These are **not synonyms we picked.** They are the exact words OpenAI's `/goal` documentation uses, and Codex's internal prompts key off them. Renaming to "Goals" or "Acceptance Tests" loses alignment with Codex's continuation prompts.

### The Ralph loop, formally

```
+------------------------------------------------------------------+
| |
| 1. Read state (Plan.md -> first non-done row, |
| Documentation.md -> last 3 entries, |
| Prompt.md sections 2-5) |
| 2. Pick ONE milestone |
| 3. Plan the action (write 1-5 bullets to Documentation.md) |
| 4. Act (smallest change producing Deliverable) |
| 5. Validate (run Validation command; capture output)|
| 6. Decide: |
| green -> Status=done -> loop |
| first fail -> diagnose, edit once, re-validate |
| second fail -> Status=blocked, /goal pause |
| gate -> Status=awaiting_approval, /goal pause |
| |
+------------------------------------------------------------------+
```

### The four HUMAN GATEs

The canonical workflow ships with four wait-states.
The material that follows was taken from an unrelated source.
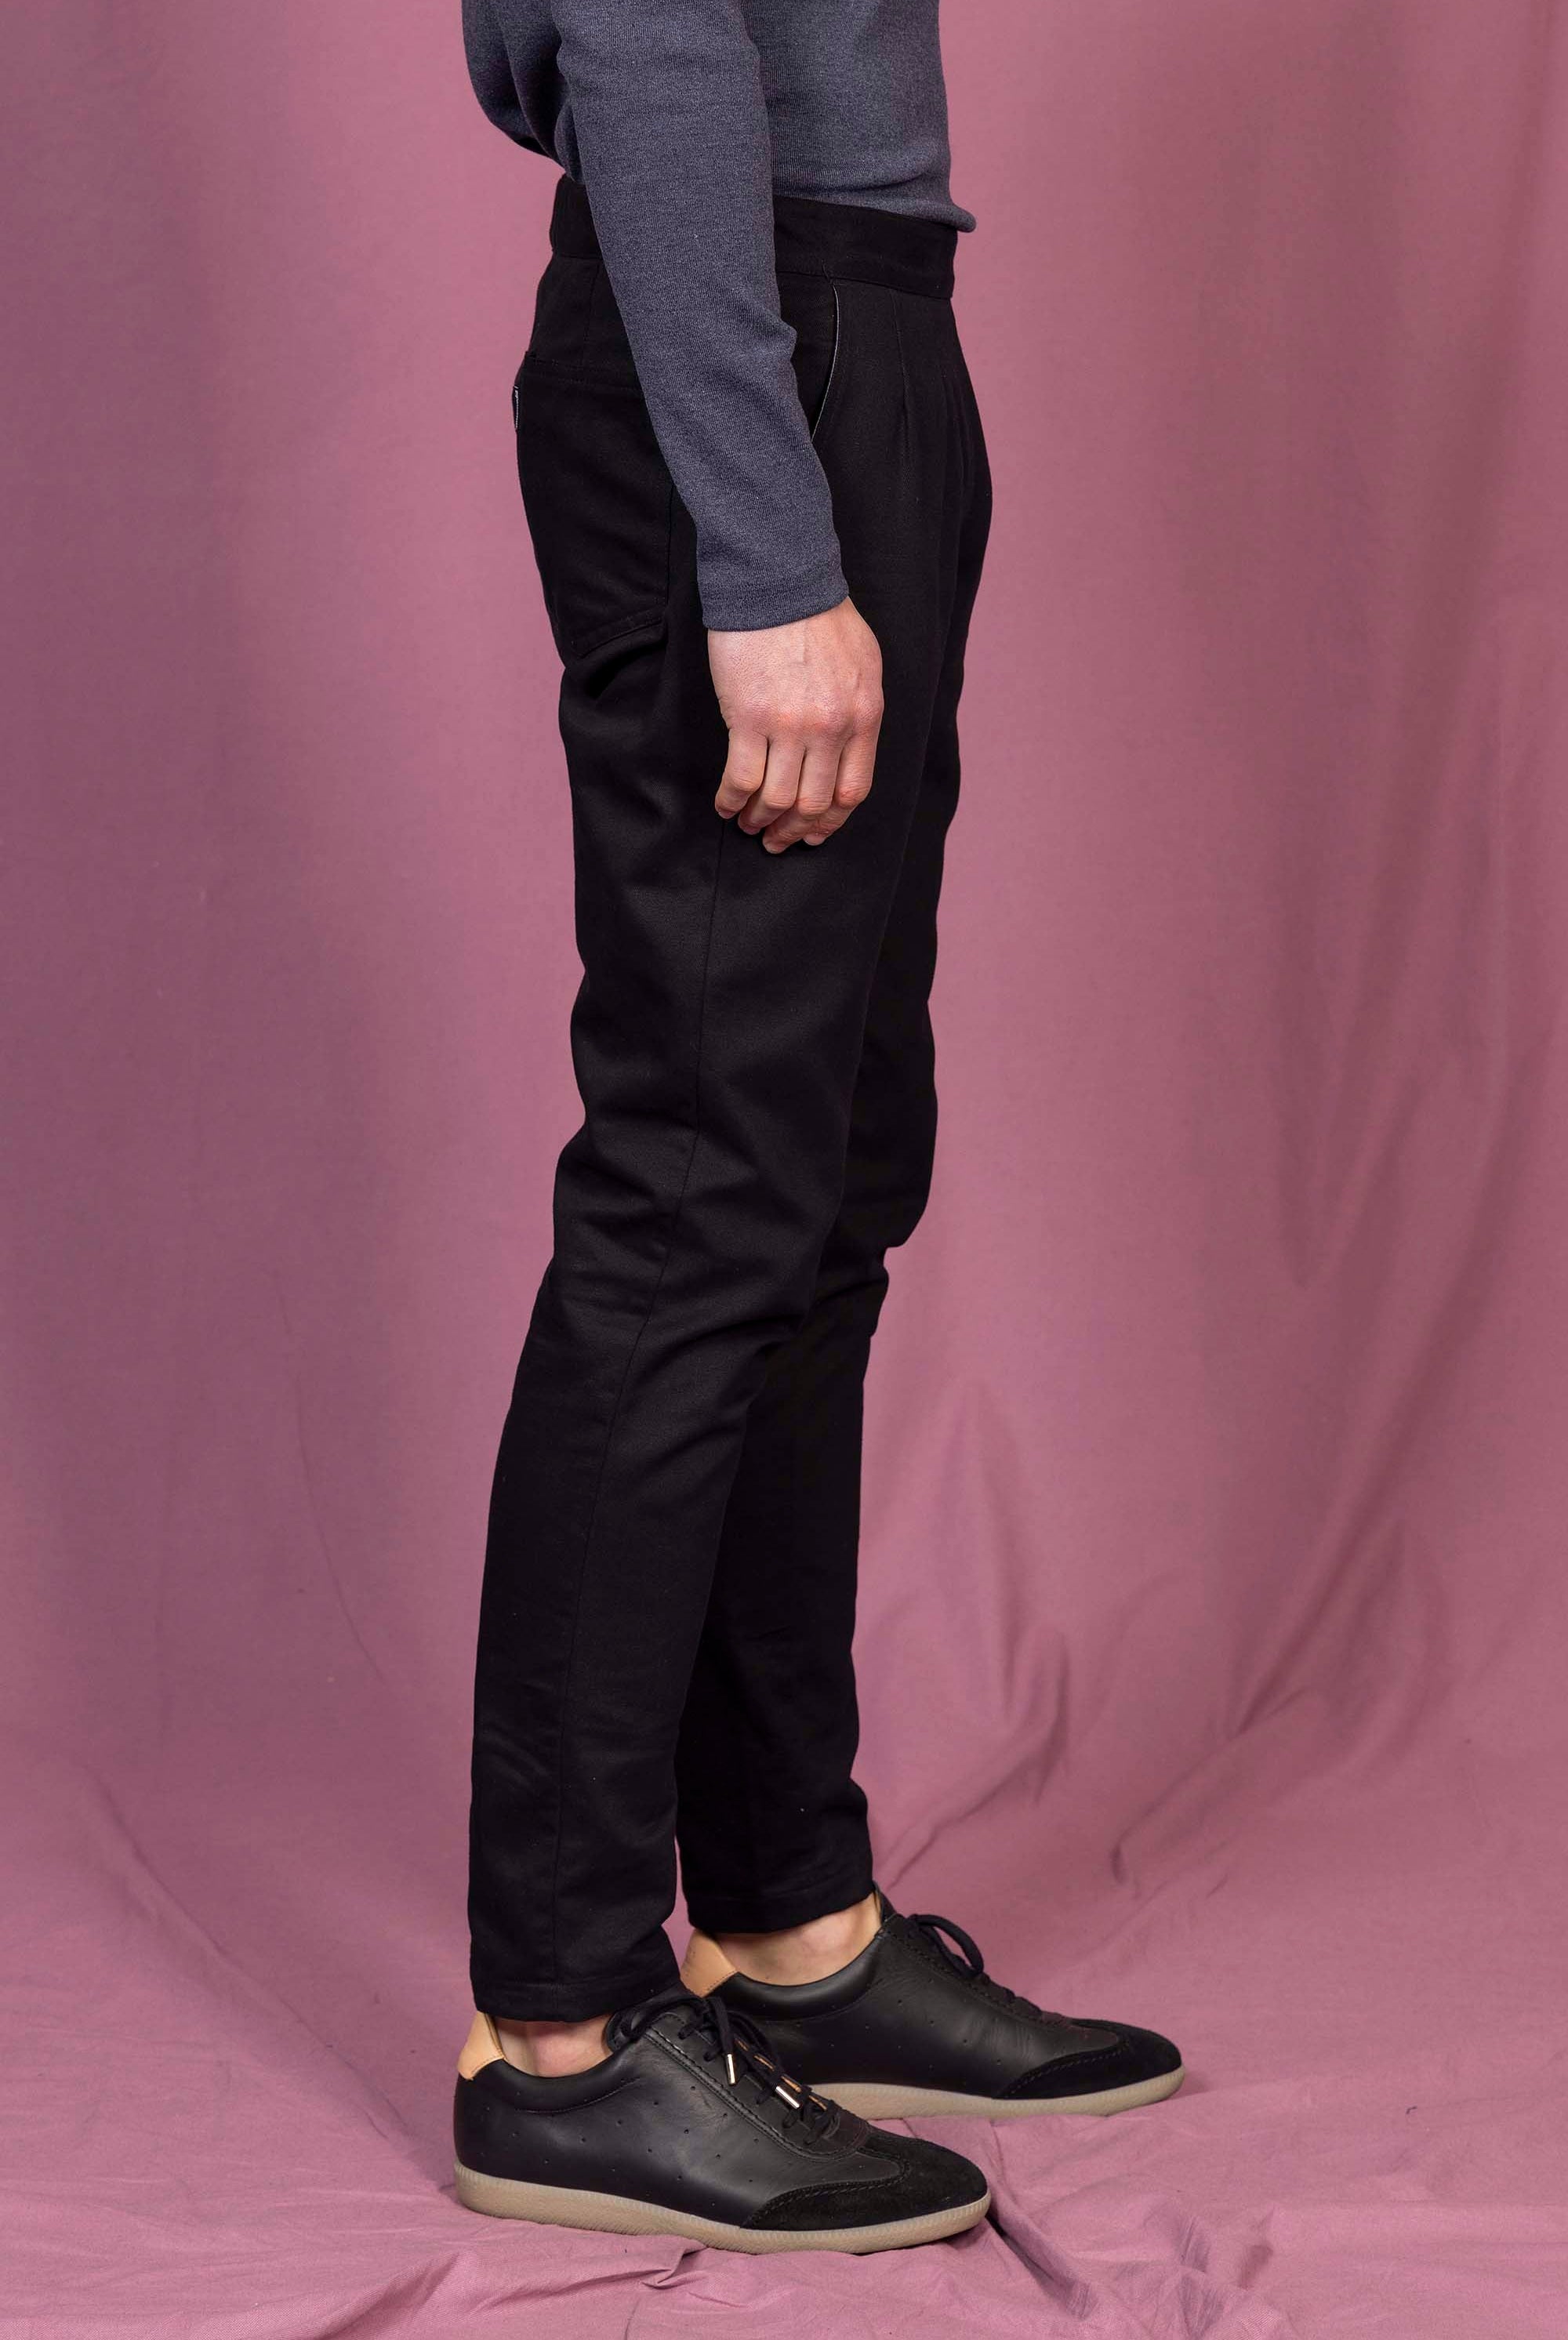 Pantalon Caiman Noir le pantalon classique affiche un esprit de distinction

Each one's Validation is a literal `grep "APPROVED:Gx" Documentation.md` — Codex cannot advance until you write the token.

| Gate | Guards | What you review |
|---|---|---|
| **G1** | `git push` to remote | `git diff base..HEAD`, commit messages |
| **G2** | merge feature into integration branch | full PR diff, CI status, teammate comments |
| **G3** | trigger CI/CD deploy | integration-branch tip SHA — make sure no surprise commit is riding along |
| **G4** | post the externally-visible ticket comment | the draft comment Codex wrote to `jira-comment.md` |

You write `APPROVED:G2 — by alice — saw: PR #321 green` to `Documentation.md` and `/goal resume`. Or `REJECTED:G2 — reason: ...` and the milestone goes `blocked`.

## Customizing for your repo

The shipped workflow (`workflows/jira-bug-fix.md`) targets the most common case: a ticketed bug, Playwright reproduction, branch/fix/merge, CI-system deploy, browser re-verify, PDF, comment.

To adapt:

1. **Point at your ticket system.** Set `{{TICKET_PROVIDER}}` to `jira` / `linear` / `github` / `asana`. The skill picks the right MCP / CLI for M1 (fetch) and M15 (comment).
2. **Point at your CI.** Fill `{{CI_DEPLOY_TRIGGER}}` and `{{CI_DEPLOY_POLL}}` with the right Jenkins / GitHub Actions / GitLab / CircleCI commands. `workflows/jira-bug-fix.md` has copy-pasteable snippets for the common four.
3. **Point at your test runner.** Fill `{{LOCAL_TEST_CMD}}` and `{{LOCAL_START_CMD}}`. Examples for Spring Boot / pnpm / npm / pytest / Go / Cargo are in `workflows/jira-bug-fix.md`.
4. **Adjust scope.** Edit `Prompt.md §2 Scope -> Allowed module(s)` to point at your service tree.

For workflows other than bug-fix, see `workflows/README.md` — the rules for authoring your own workflow on top of the same four-file model.

## How this differs from raw `/goal`

| | Raw `/goal` | `codex-goal-handoff` |
|---|---|---|
| Objective vocabulary | Free-form prose | **Scope / Behavior / Non-goals / Verification** template |
| Milestone structure | Implicit | Explicit table with **Deliverable / Acceptance / Validation / Stop-and-fix** columns |
| Compaction safety | Inline goal can be truncated | Substance lives in files re-read every iteration |
| Stops on irreversible actions | No | Yes — explicit `APPROVED:Gx`-token gates |
| Stops on proxy signals | No | Yes — Final audit must re-run every Verification command |
| Cross-host portability | Codex CLI only | Codex CLI + Claude Code + `.agents/skills/` |
| Ticket-system handoff | Manual | M1 / M15 / G4 wired |
| CI/CD deploy gating | Manual | G3 + M12 wired (Jenkins / GH Actions / GitLab examples) |

## FAQ

**Does this require a ChatGPT subscription?**
Yes — `/goal`'s persistence layer is tied to ChatGPT account auth. API-key auth does not enable goals. (`codex login status` should print "ChatGPT".)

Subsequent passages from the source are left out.